══ SOURCE MATERIAL

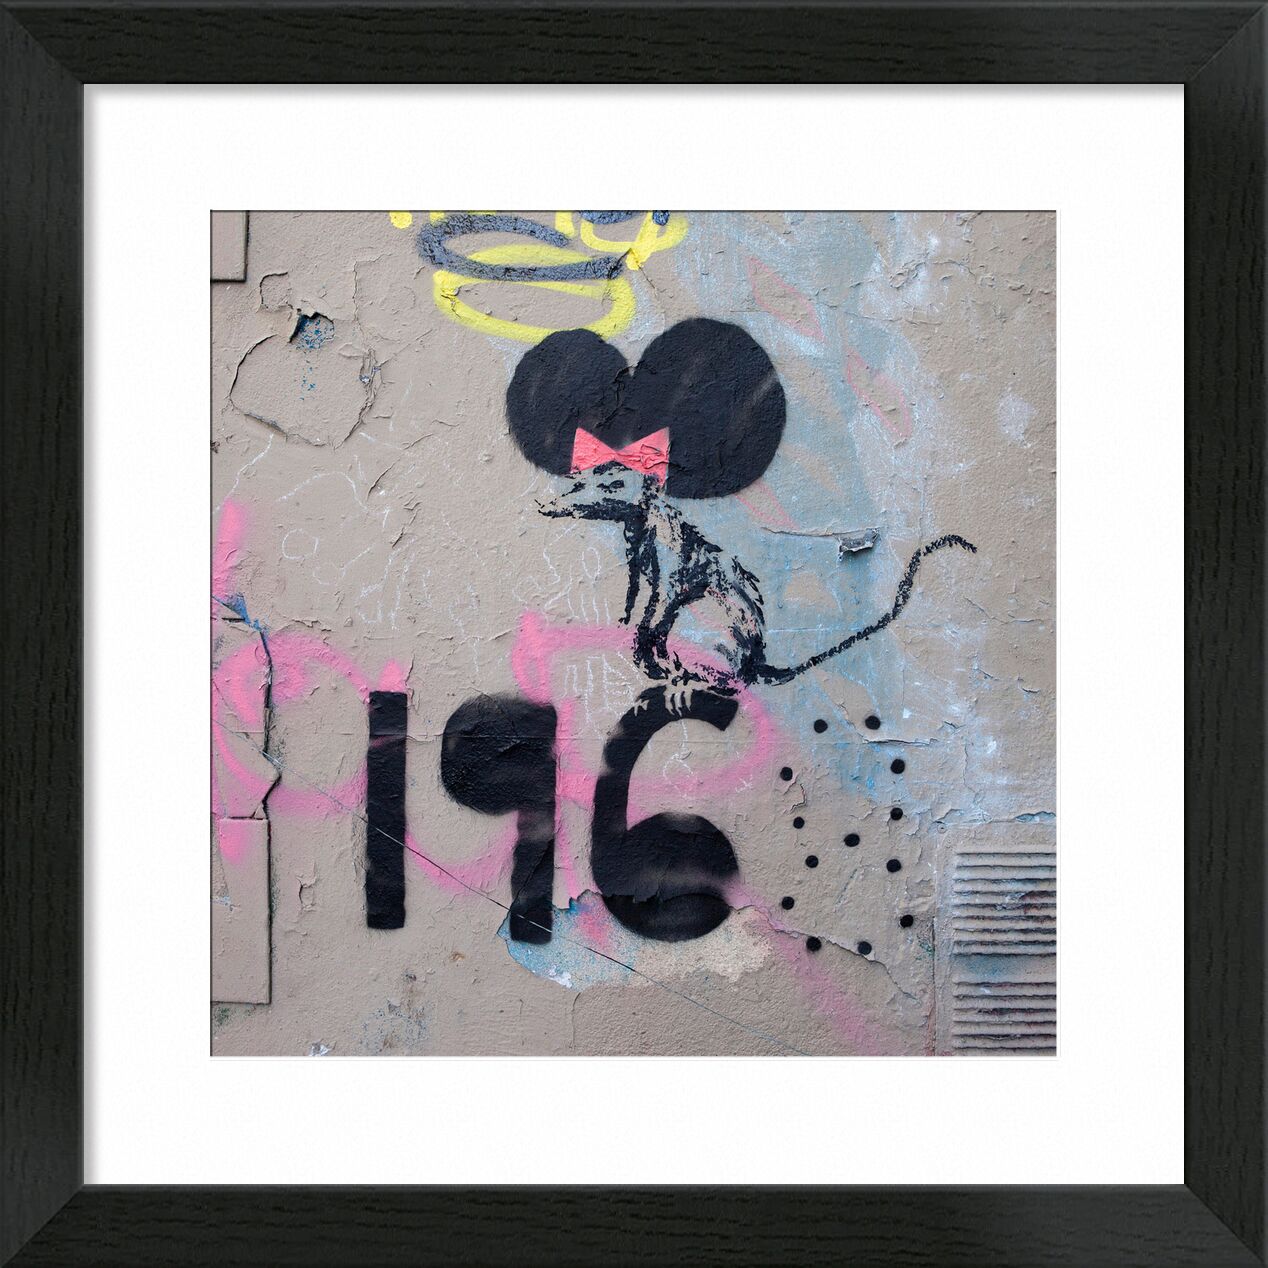 Mayo de 1968, La Rata - Banksy desde Bellas artes, Prodi Art, París, rata, arte callejero, banky
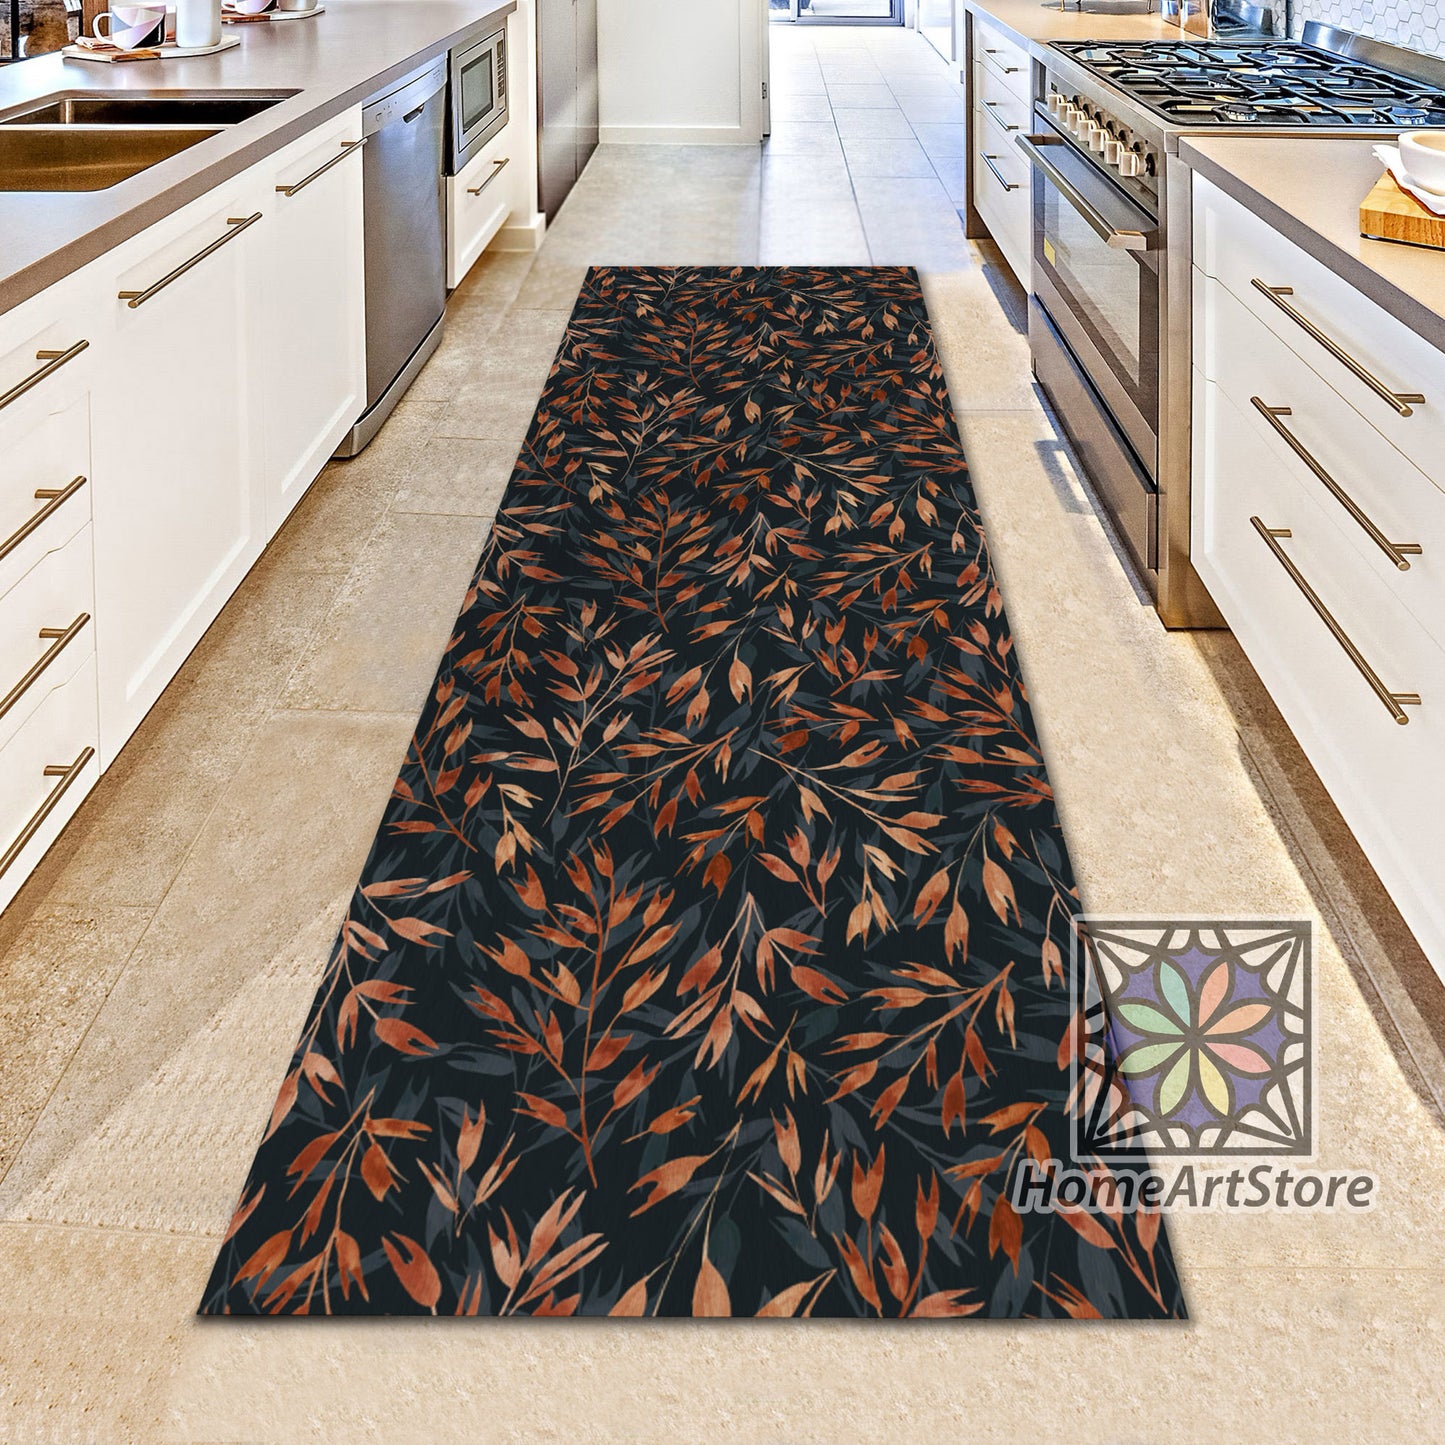 Leaves Pattern Runner Rug, Hallway Runner Carpet, Decorative Kitchen Runner Mat, Dried Leaves Themed Rug
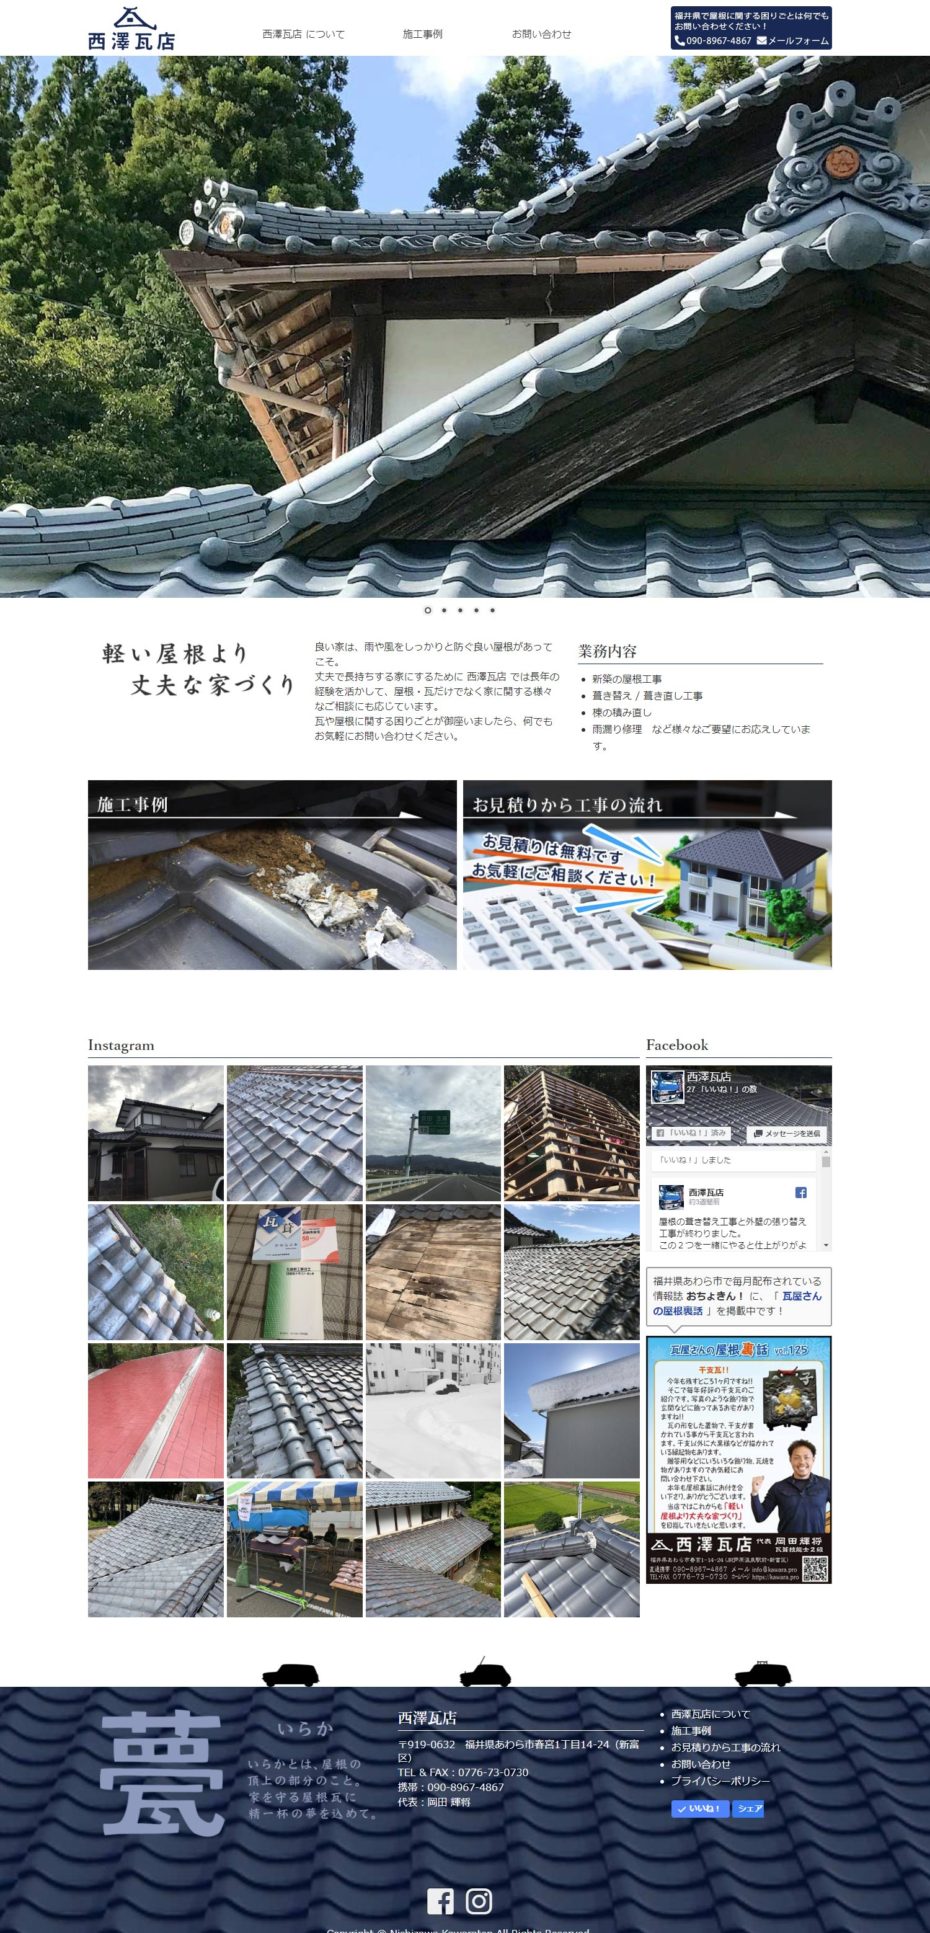 西澤瓦店 ウェブデザイン ウェブサイト構築 を行いました。福井市やあわら市で屋根工事をお考えの方は 西澤瓦店 様へご連絡ください！
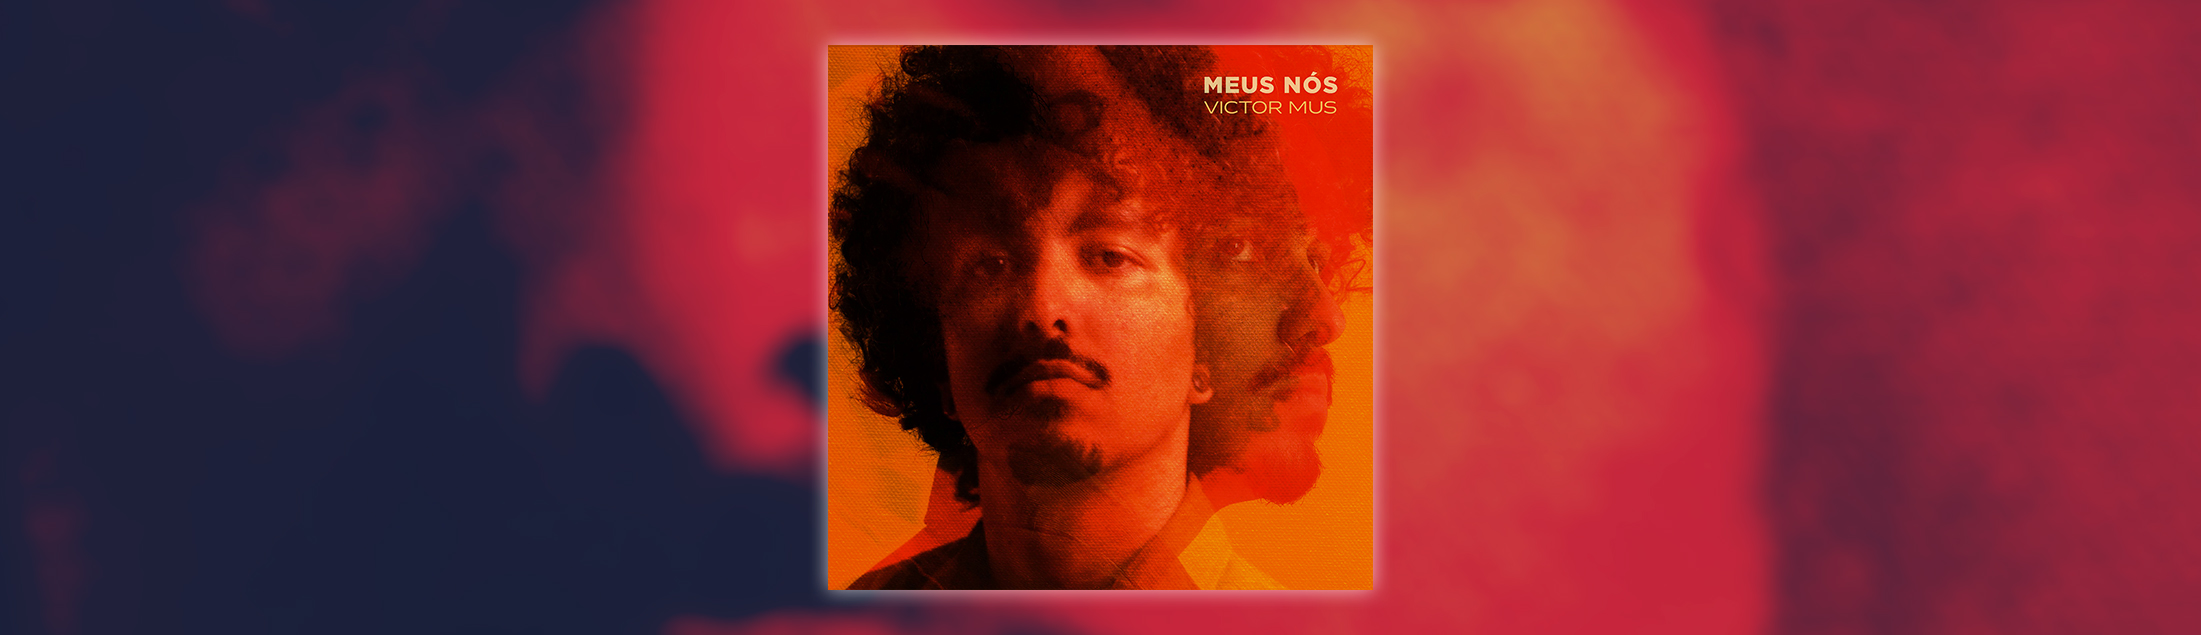 'Meus Nós': Victor Mus costura novas sonoridades em EP plural e diverso

════

__TASK STATEMENT__.
Restate every line of the data above word for word, with the images removed.

__RESPONSE FOR THIS EXERCISE__.
 Mayo de 1968, La Rata - Banksy desde Bellas artes, Prodi Art, París, rata, arte callejero, banky
 Leaves Pattern Runner Rug, Hallway Runner Carpet, Decorative Kitchen Runner Mat, Dried Leaves Themed Rug
 西澤瓦店 ウェブデザイン ウェブサイト構築 を行いました。福井市やあわら市で屋根工事をお考えの方は 西澤瓦店 様へご連絡ください！
 'Meus Nós': Victor Mus costura novas sonoridades em EP plural e diverso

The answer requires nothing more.